# The Bible - Is it 100% the Word of God or it "has" the Word of God?



## charispistis (Jan 10, 2013)

Dear brothers and sisters,

A person approached me saying he believes the Bible "includes" or "has" the Words of God in it, and those Words then ,he believes 100%.

He argues that in Job 22, God is not the one speaking, it's Eliphaz, as he incites Job against God.

So he says its Eliphaz speaking in this whole chapter. 

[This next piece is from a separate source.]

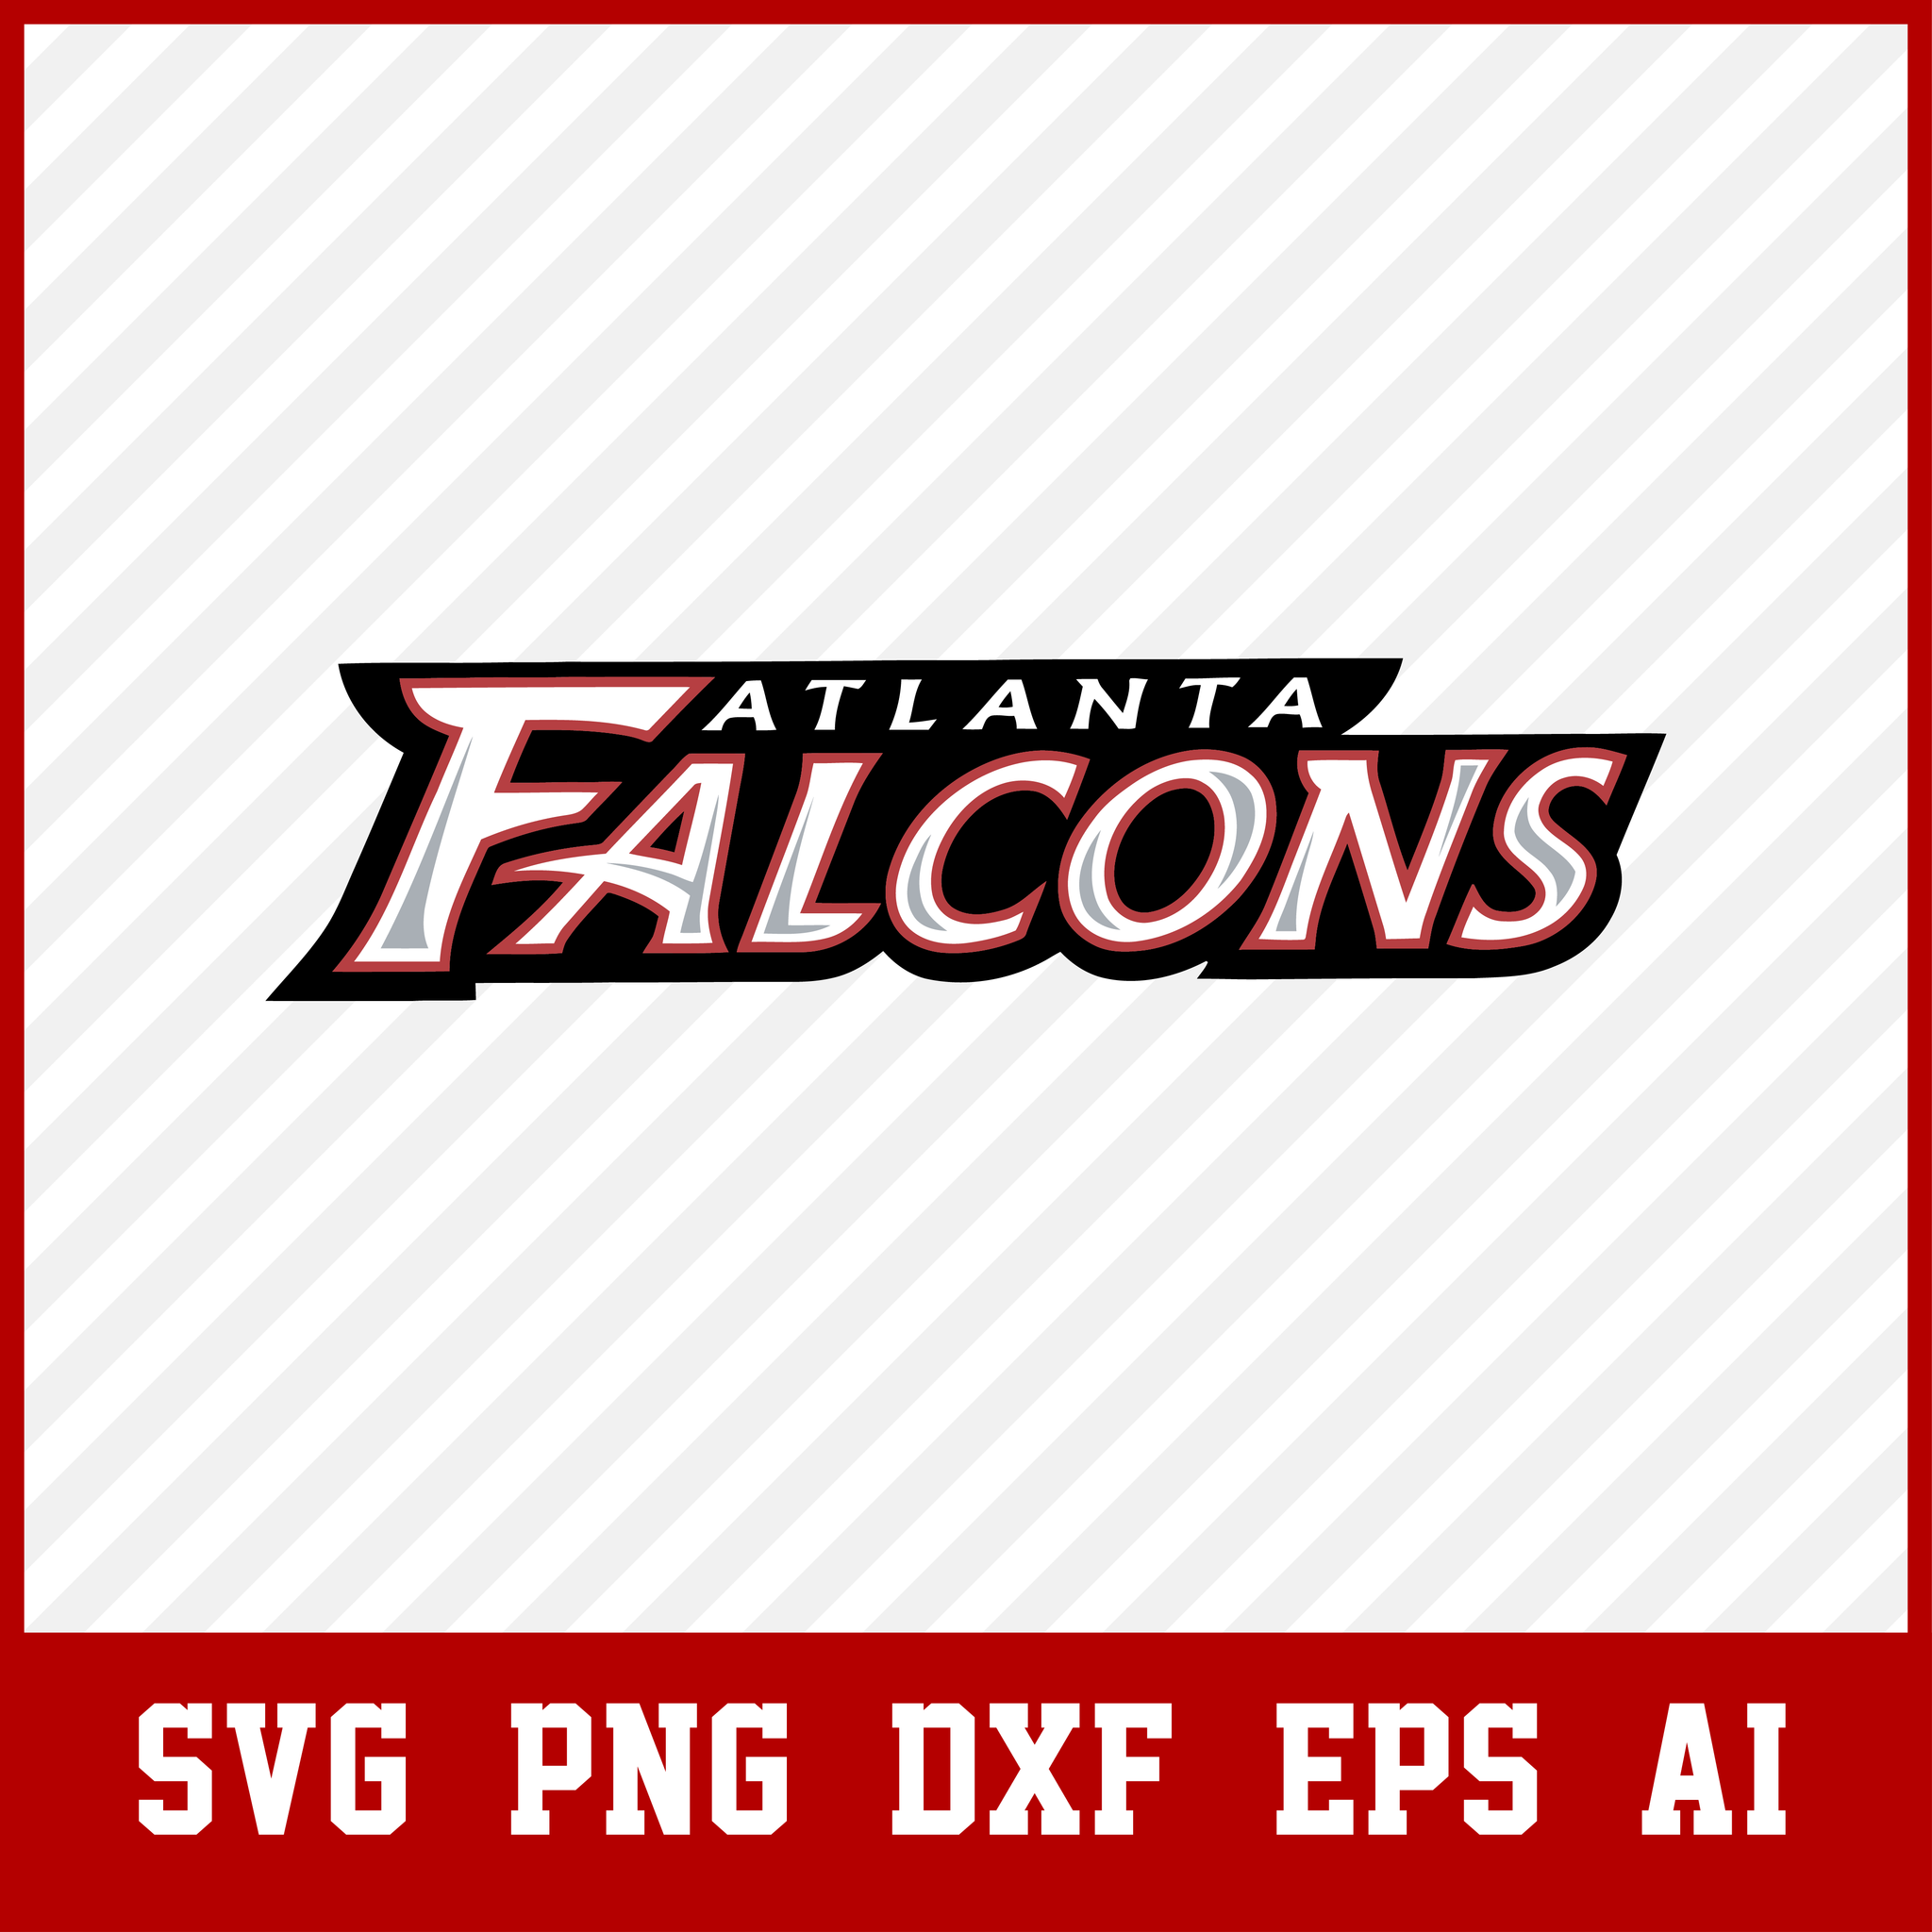 Falcons Svg, Atlanta Falcons Svg - Png, Atlanta Falcons Svg Files For Cricut, Atlanta Falcons Logo Svg, Atlanta Falcons Cut File, NFL Svg

I believe every word of the Bible IS the Word of God, and even if it is Satan speaking, God inspired Prophets to record those inspired words.

What can I say to him?


----------



## Zach (Jan 10, 2013)

All Scripture is breathed out by God and profitable for teaching, for reproof, for correction, and for training in righteousness, that the man of God may be complete, equipped for every good work. (2 Timothy 3:16-17 ESV)


----------



## arapahoepark (Jan 10, 2013)

The words spoken by Eliphaz help to emphasize the glory of God in the story, by showing he is wrong, and God is right, and as he is God he can do whatever. God uses means for his purposes. What then does he say of Paul? Are those not the words of God himself through Paul? As he uses the moral law with the ceremonial law abolished and such, or was that improper for Paul to say? Must we go back to the very words of all of the Pentateuch and establish all the civil punishments? Should we put out a woman or a man for their natural bodily discharge since those words came from God himself? Press him on these questions. What about God speaking through people? He did that through Moses, or does he advocate that subjective experience that God is talking to him? What about the histories? Are those not part of God's word as well?

He must be one of those very naive 'red-letter' Christians. Or sounds like the Sadducees (who believed only the Pentateuch was the word of God), or the Jews of the time that believed the Pentateuch was above the rest of the old testament, then the prophets, and then the writings as sort of lesser 'words of God.'


----------